David Letterman, whose Worldwide Pants company controls both his Late Show and Craig Ferguson's Late Late Show, announced early on that the staffs of both CBS shows would continue to be paid, out of his pocket, during the strike. That's a really classy act, coming from a really classy guy.
Now comes word that Conan O'Brien, who spent time as a writer on The Simpsons and Saturday Night Live before inheriting Letterman's old Late Night NBC series, has made a similar pledge to his staff. NBC is scheduled to lay off the staffs at both Late Night and The Tonight Show today - but O'Brien recently has promised to keep his people's paychecks coming, even though NBC owns the show.
Another class act. Another classy guy.
Leno hasn't reacted the same way, which means after tonight, the Tonight staffers could not only be laid off, but no longer playing the going-through-the-motions booking wars that still are going on, almost perversely, behind the scenes.
It's a case of TV talks shows at their most existential: If guests are booked on Ferguson or O'Brien, but the show isn't produced because of the strike, did they ever appear at all? The answer is no. But the booking game continues, for now, with two glaring exceptions, both of them from NBC.

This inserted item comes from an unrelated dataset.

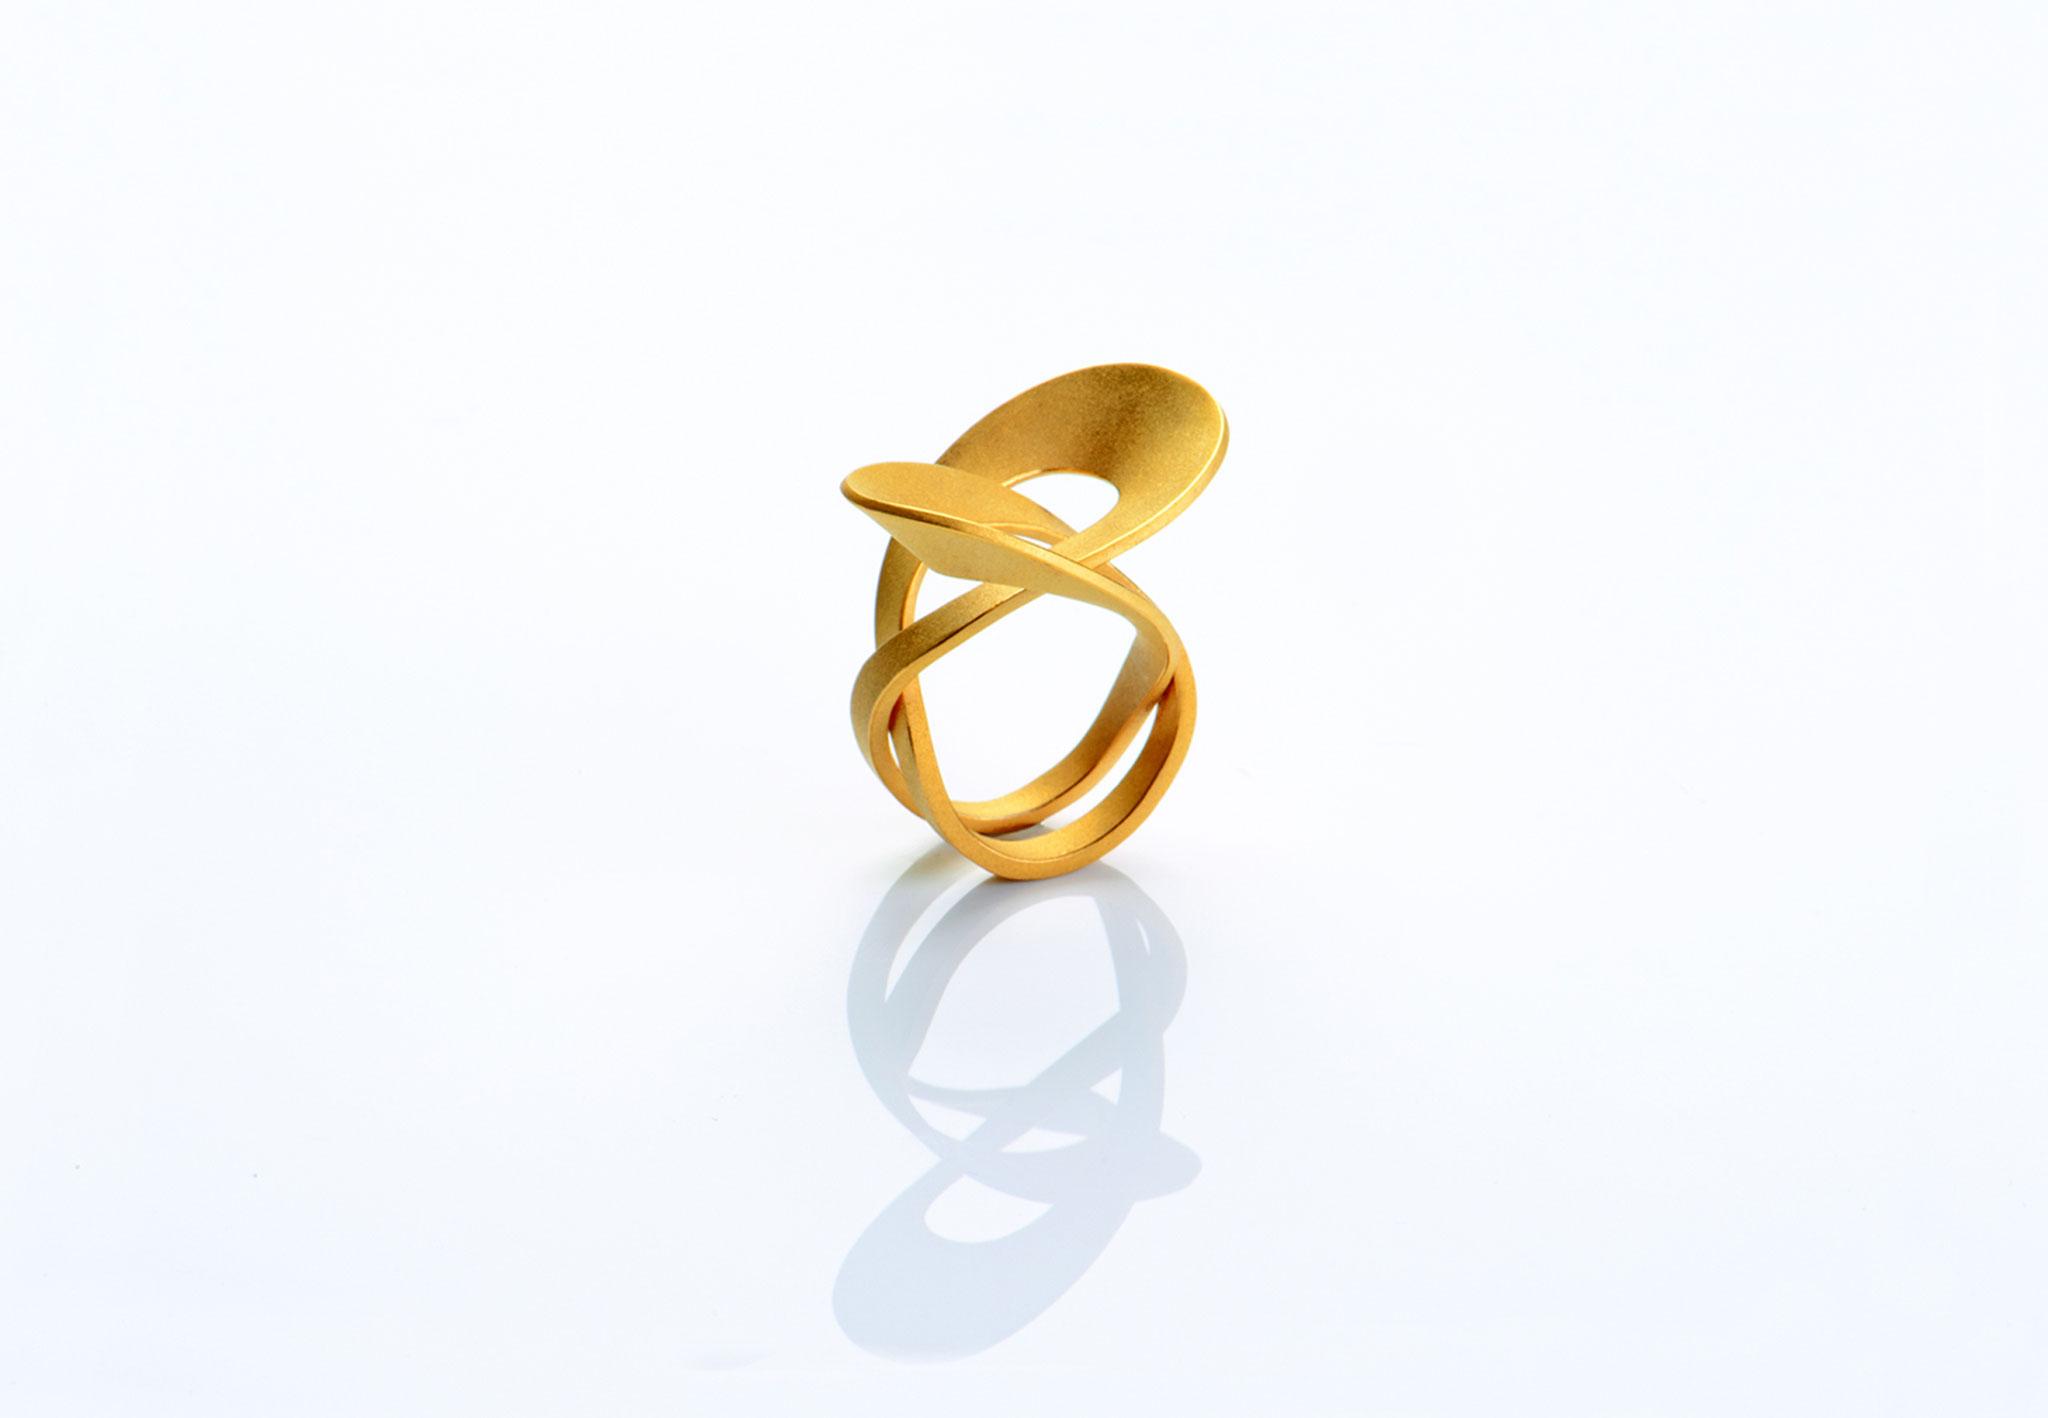 Wendepunkt Ring M1, 925/- Silber, 18ct goldplattiert

All this week, NBC has scheduled a "theme week" of Tonight Show reruns, presenting shows in which Leno first interviewed now-superstar celebrities. Wednesday, for example, was a seven-year-old show in which Matt Damon showed up to publicize The Talented Mr. Ripley. But the rest of the show, aging poorly and keyed to such now-dull topics as the 2000 Super Bowl, hardly made a strong case for The Talented Mr. Leno.
The biggest late-night move, though, is NBC's announcement that Last Call with Carson Daly, the late-late show starting at 1:35 a.m. ET, will defy the strike and begin televising first-run installments beginning Monday. (Daly is not a member of the Writers Guild of America.)

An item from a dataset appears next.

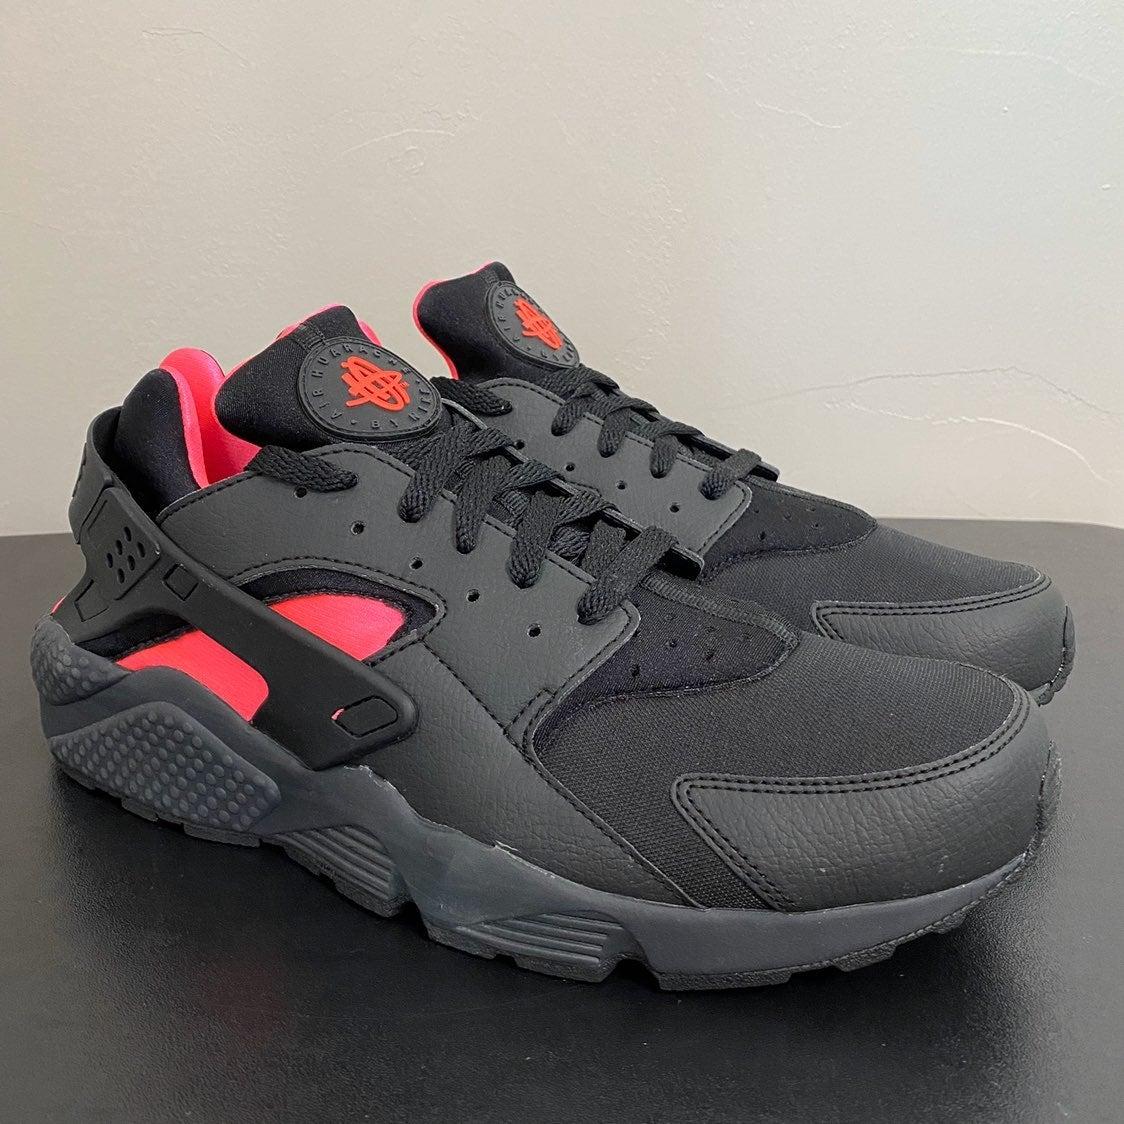 NEW Nike Air Huarache Coral Black

This is news for two reasons. One, it means that Carson Daly's show is still on the air, which some may find shocking. Two, it means the first TV host to break the solidarity in the late-night arena is a guy named Carson.
Somehow, that just doesn't seem right.
Nor does Daly's reported email to friends, family and acquaintances, asking them to submit freebie jokes for possible use in next week's monologues, since he won't have writers. But, in the spirit of harmony and helpfulness, here's one anyway.
Q: "How does a strike-busting TV host get around town?"
A: "Easy. He raises his arm and catches a scab."